Americans Live A Bit Longer – But The Health Care System Still Focuses On Treatment, Not On Prevention The US still lags behind much poorer countries like Greece when it comes to life expectancy

WASHINGTON – Life expectancy in the US reached a new high point: 78.8 years. This is good news. Longer lives, according to some analysts, could be attributed to healthier life styles. It would appear that some Americans eat better and exercise more. As a result, they live longer. Well, I hope so. But the truth, according to others, may be instead that people live longer simply because they get more medical treatment, mostly for totally preventable diseases.

US in context

Besides, if you look at this life expectancy high number in context, it is really not that great. Compared to other developed countries, America does not shine. Indeed, the US comes at number 42 in global life expectancy rankings. (CIA, World Factbook). Most interesting, America is behind Italy, Spain and Greece, three of the worst performing and now semi-impoverished European Union members. These are highly indebted countries, with horrendous unemployment and declining economies that must have caused cuts in health care spending. And yet their life expectancy is better than America.

High spending, modest outcomes

More broadly, let’s consider that the US spends about 18% of GDP on health care, an absurdly large amount, and by far the largest percentage among all rich countries. In fact, other rich countries at most spend around 9 or 10% of their national wealth on health.

So, while we should celebrate our improved numbers, if we look at the US in context, there is hardly anything to brag about.

The bottom line is that here in America the most expensive health care system in the world buys you a life expectancy below Greece, and only a little bit ahead of Portugal, another below average EU economy.


And the reason for this mediocre performance is largely because, as a Nation, we are not doing enough to embrace life styles that promote “wellness”. It may be indeed the case that at least some Americans now recognize the health value of a healthier diet and more exercise. And this is good.

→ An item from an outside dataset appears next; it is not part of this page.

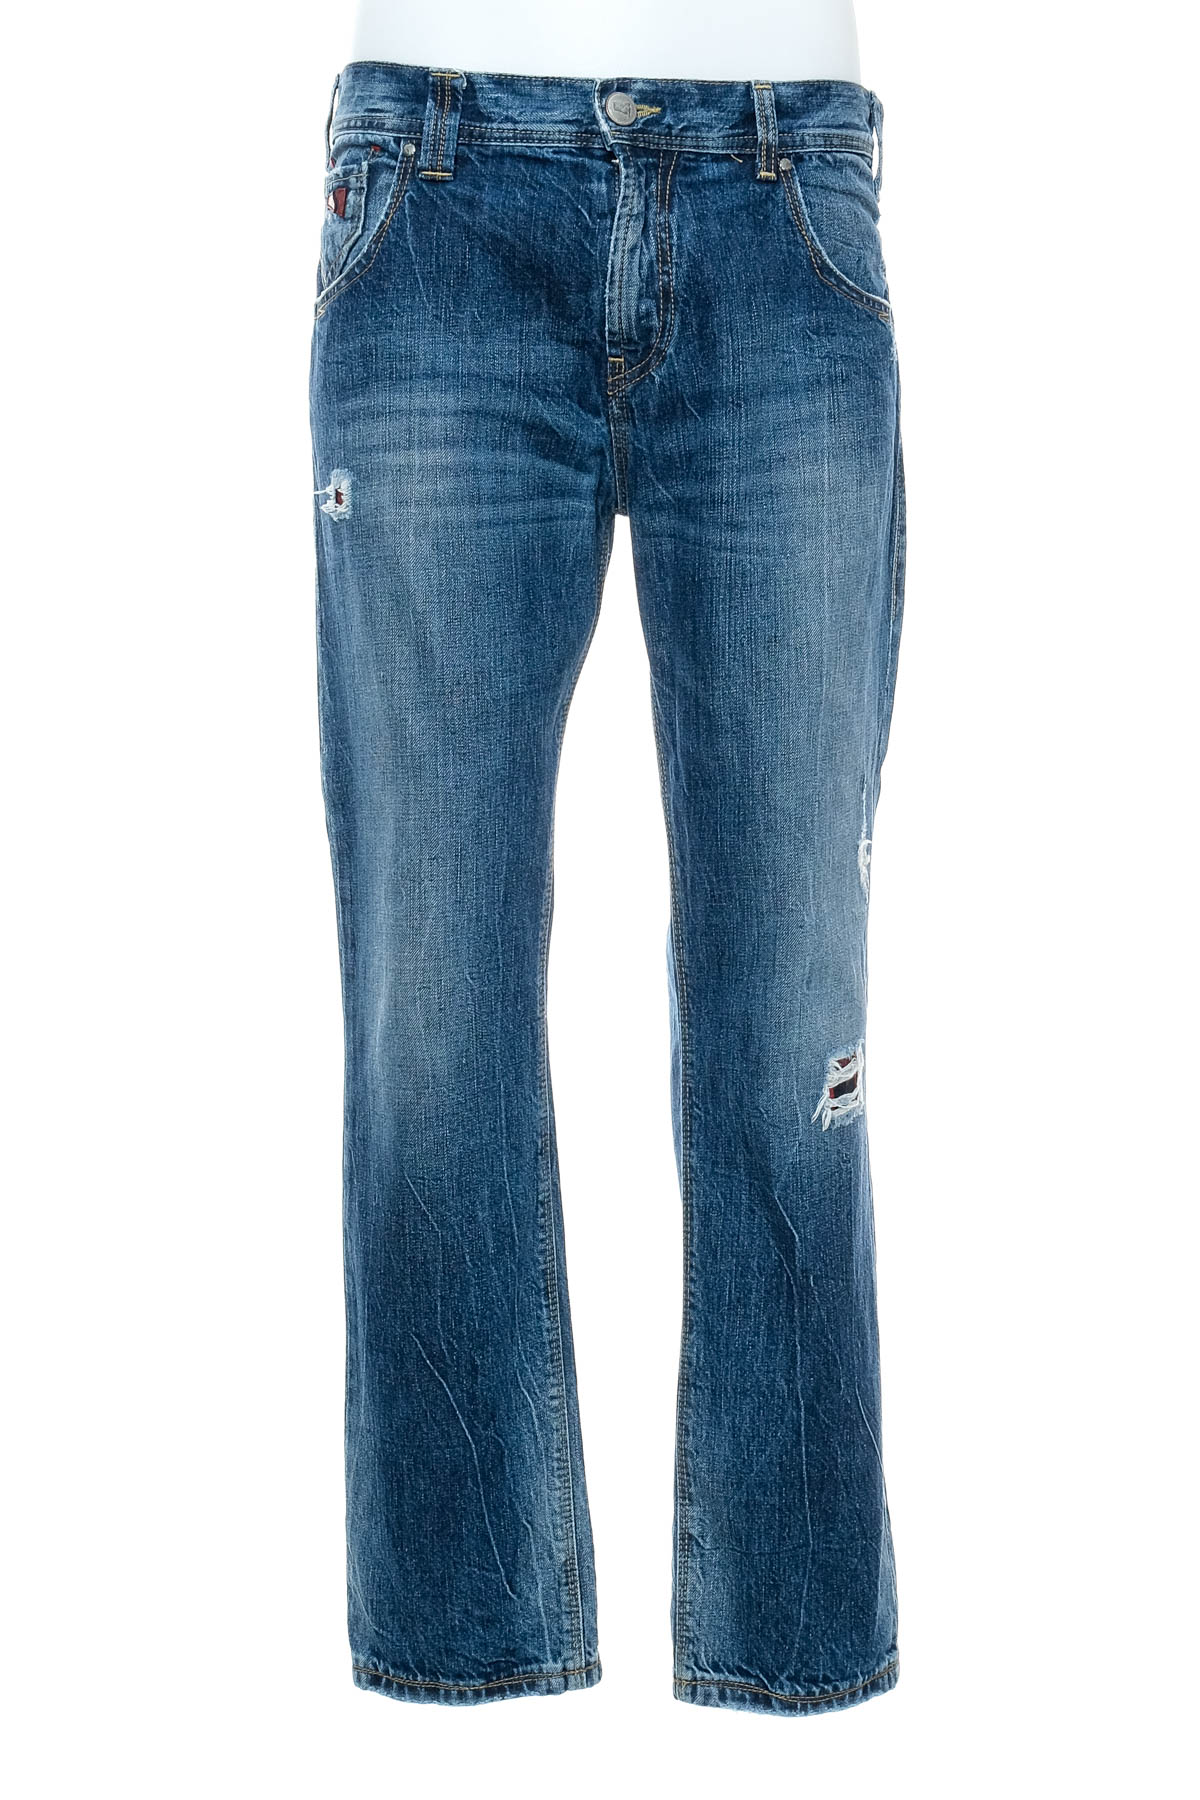 Jeans pentru bărbăți - Staff Jeans & Co. - 0

But America has a long, long way to go. One in three Americans is either obese or overweight. Obesity related chronic diseases are among the leading causes of death. Which is to say that many illnesses that reduce quality of life and hasten death are caused by bad habits that can and should be dropped in favor of healthier ones.

Prevention can do wonders

And the experts know this. Here is a quote from a recent piece in Health Day News that addressed the correlation between medical care, life style choices, overall health and life expectancy:

“Dr. Suzanne Steinbaum, a preventive cardiologist at Lenox Hill Hospital in New York City, said these “major causes of death are lifestyle driven. We are doing a better job in prevention and treatment.”

And though people may be eating better and exercising and giving up smoking, a lot of the improvement in life expectancy results from better medical care for many of the chronic conditions, she said.

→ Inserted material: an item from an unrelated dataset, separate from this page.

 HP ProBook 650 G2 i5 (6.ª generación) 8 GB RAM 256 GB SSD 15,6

Preventing illness, by lowering blood pressure and cholesterol and quitting smoking, have gone a long way in preventing heart disease and stroke. In addition, screening has reduced deaths from breast, colon and other cancers.”

“The most common causes of death are due to how you choose to live,” Steinbaum said. “If we can get how we eat and how we exercise under control, we can prevent many major causes of death,” she said. [Bold added]

“We can stop being a treatment-oriented country, and become a prevention-oriented country and extend life tremendously,” Steinbaum said. [Bold added]

Drop the bad habits

So, here is the real picture. More Americans are getting better treatments for cardiovascular and other diseases, plus more screenings that catch cancers at the early stages. Improved health care helped to reduce mortality. Hence our higher life expectancy numbers. But there is a better way that will get you much better results.

Indeed, as Dr. Steinbaum says, dropping the bad habits that shorten our lives, (unhealthy food, lack of exercise), would make a real difference. Healthier people live longer.

Right now people live a bit longer mostly because they get more and possibly better treatment. But the irony is that most of the diseases that are cured more effectively are preventable. Indeed, type two diabetes and many cardiovascular illnesses come along as a result of bad diet and lack of exercise. Which is to say that we focus our resources on the wrong target: cure, instead of prevention.

The game changer

Therefore, the real game changer would be for millions of not so healthy Americans to fully embrace wellness goals, this way helping America to become a “prevention-oriented country“. This is a much better way to “extend life tremendously“.

And, by the way, this is not extremely complicated. In many cases, eating more fruits and vegetables and walking at least 30 minutes a day could make the difference between a premature death and a more enjoyable, longer life.

As we can see by looking at other countries, longer lives are not the result of pouring more and more money into heath care aimed at treating preventable diseases. The real trick is to prevent illnesses by adopting the good habits that help you stay healthy.